In the records below, the line with "- Contrast embroidery" opens the range and the line with "- Size: 38 (The size shown for this" closes it; print that range exactly and nothing else.

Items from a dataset
■ ■ ■
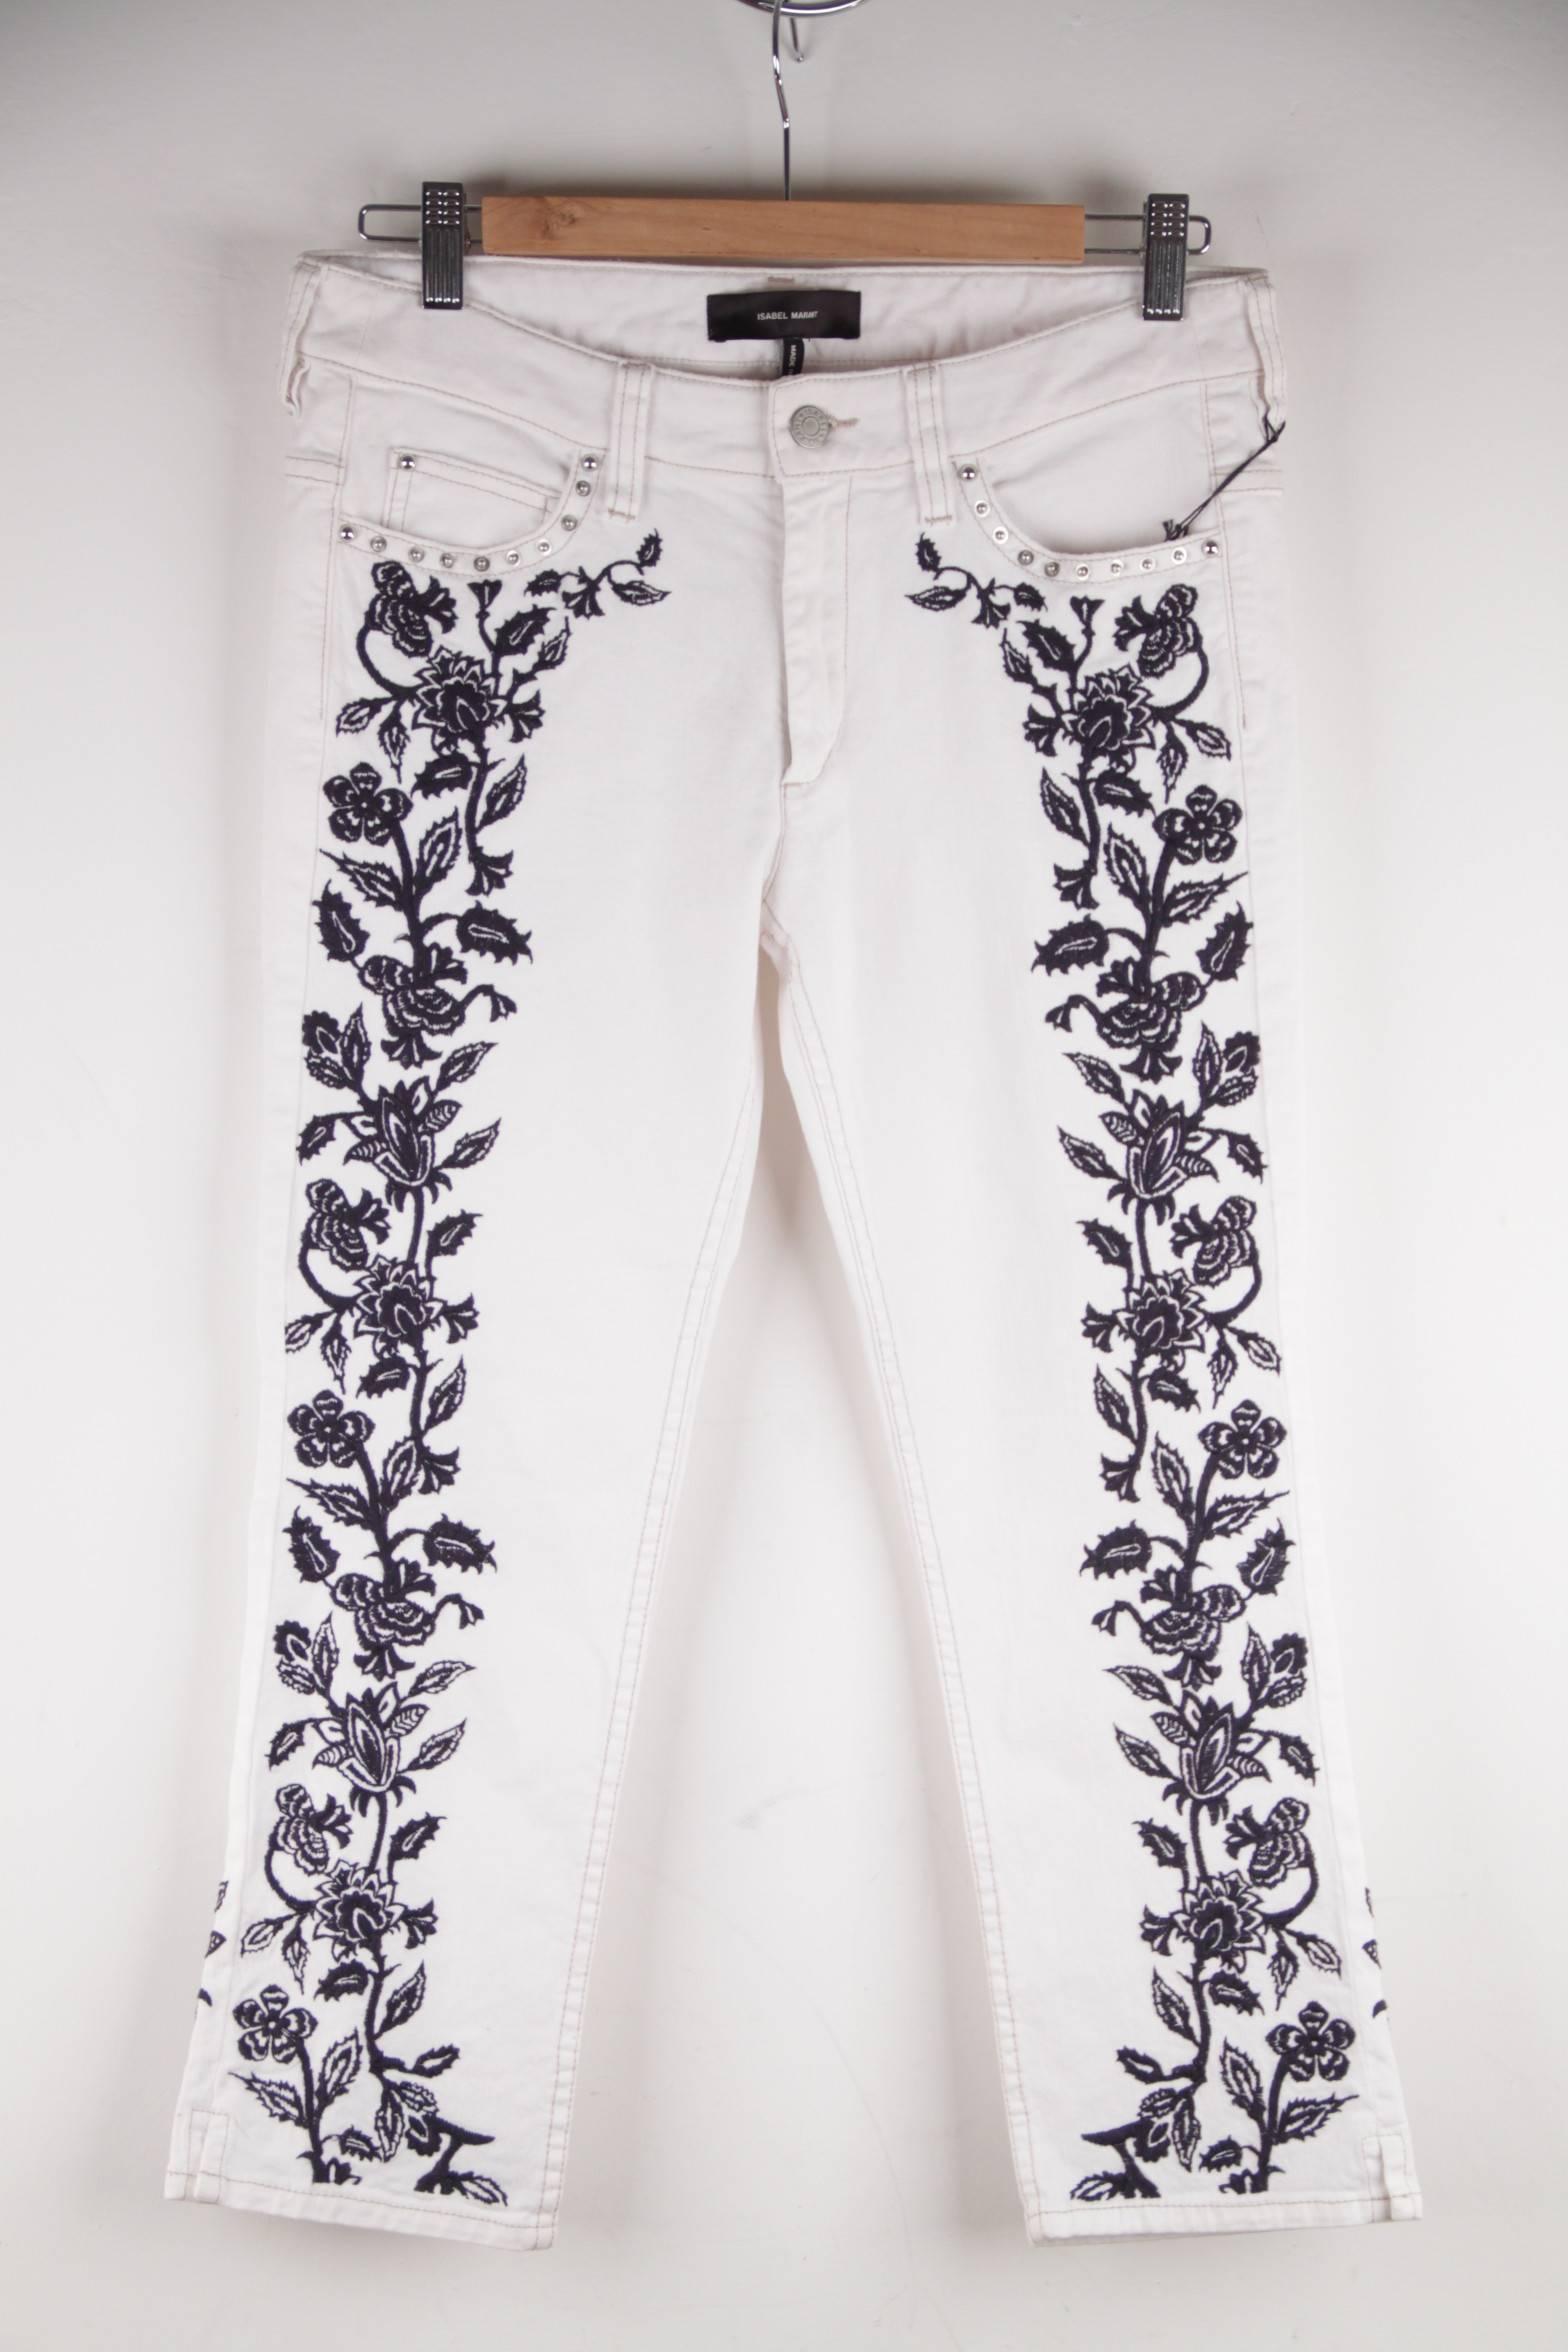  - White skinny fit denim
- Contrast embroidery
- Studs accents
- Ankle-grazing silhouette
- Belt loops
- Five pockets
- Button and zip fastening at front
- Slit at outer leg
- 97%% cotton, 3% elastane
- Size: 38 (The size shown for this
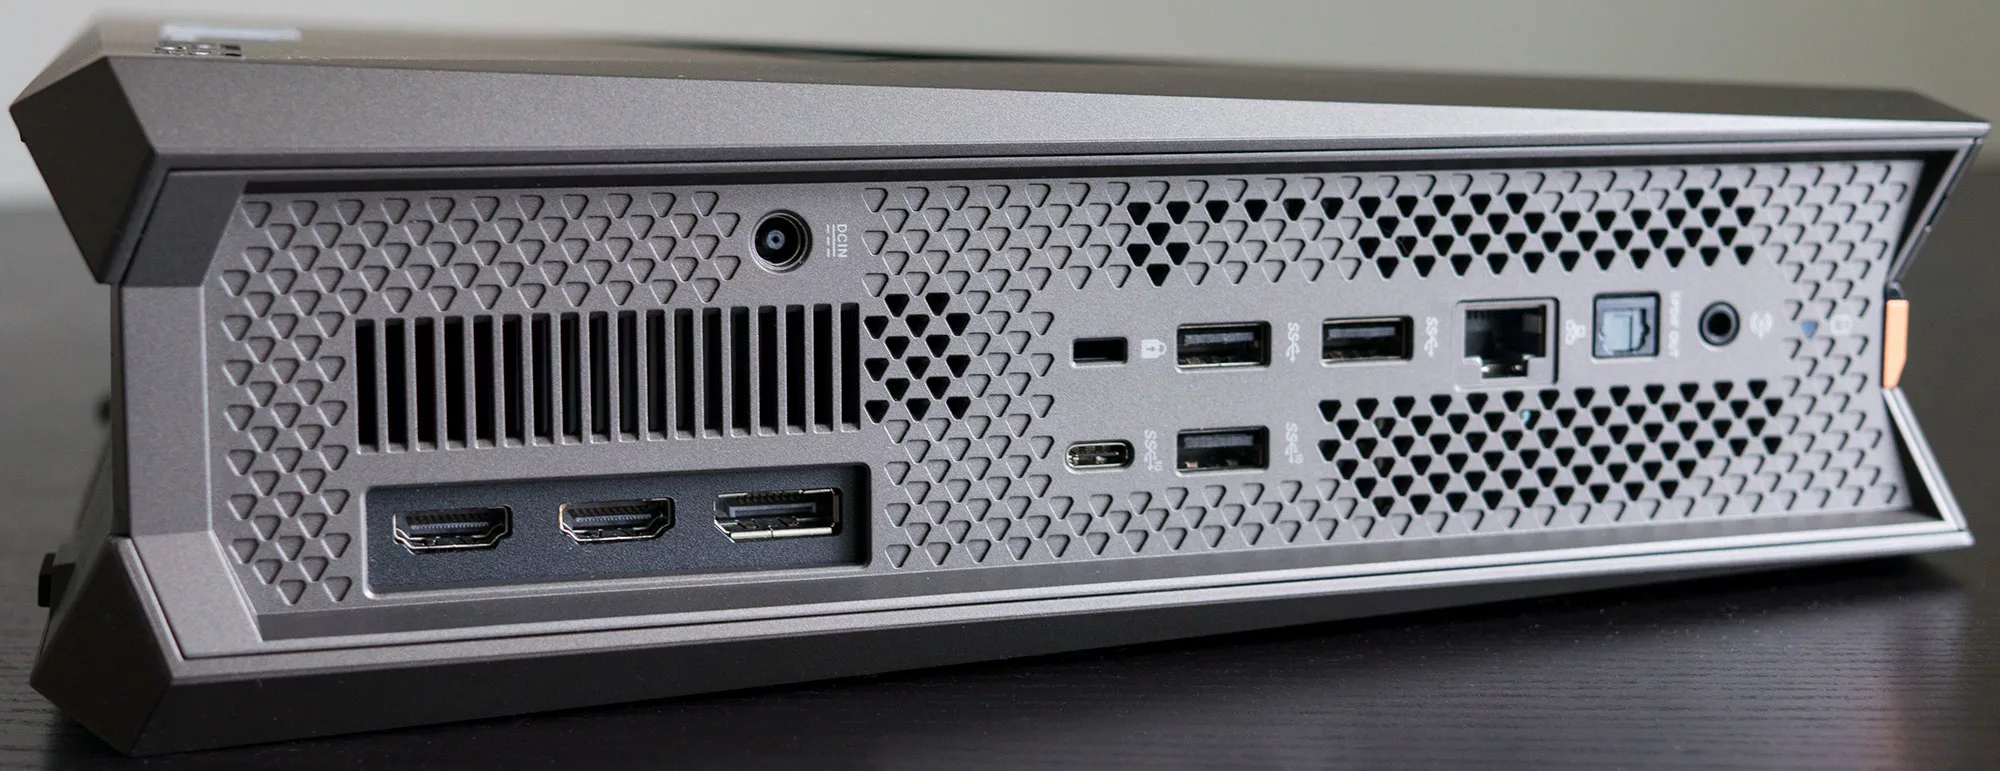 The GR8 II desktop console-sized PC gaming anywhere | - Republic of Gamers Global
■ ■ ■
__Answer below__:
- Contrast embroidery
- Studs accents
- Ankle-grazing silhouette
- Belt loops
- Five pockets
- Button and zip fastening at front
- Slit at outer leg
- 97%% cotton, 3% elastane
- Size: 38 (The size shown for this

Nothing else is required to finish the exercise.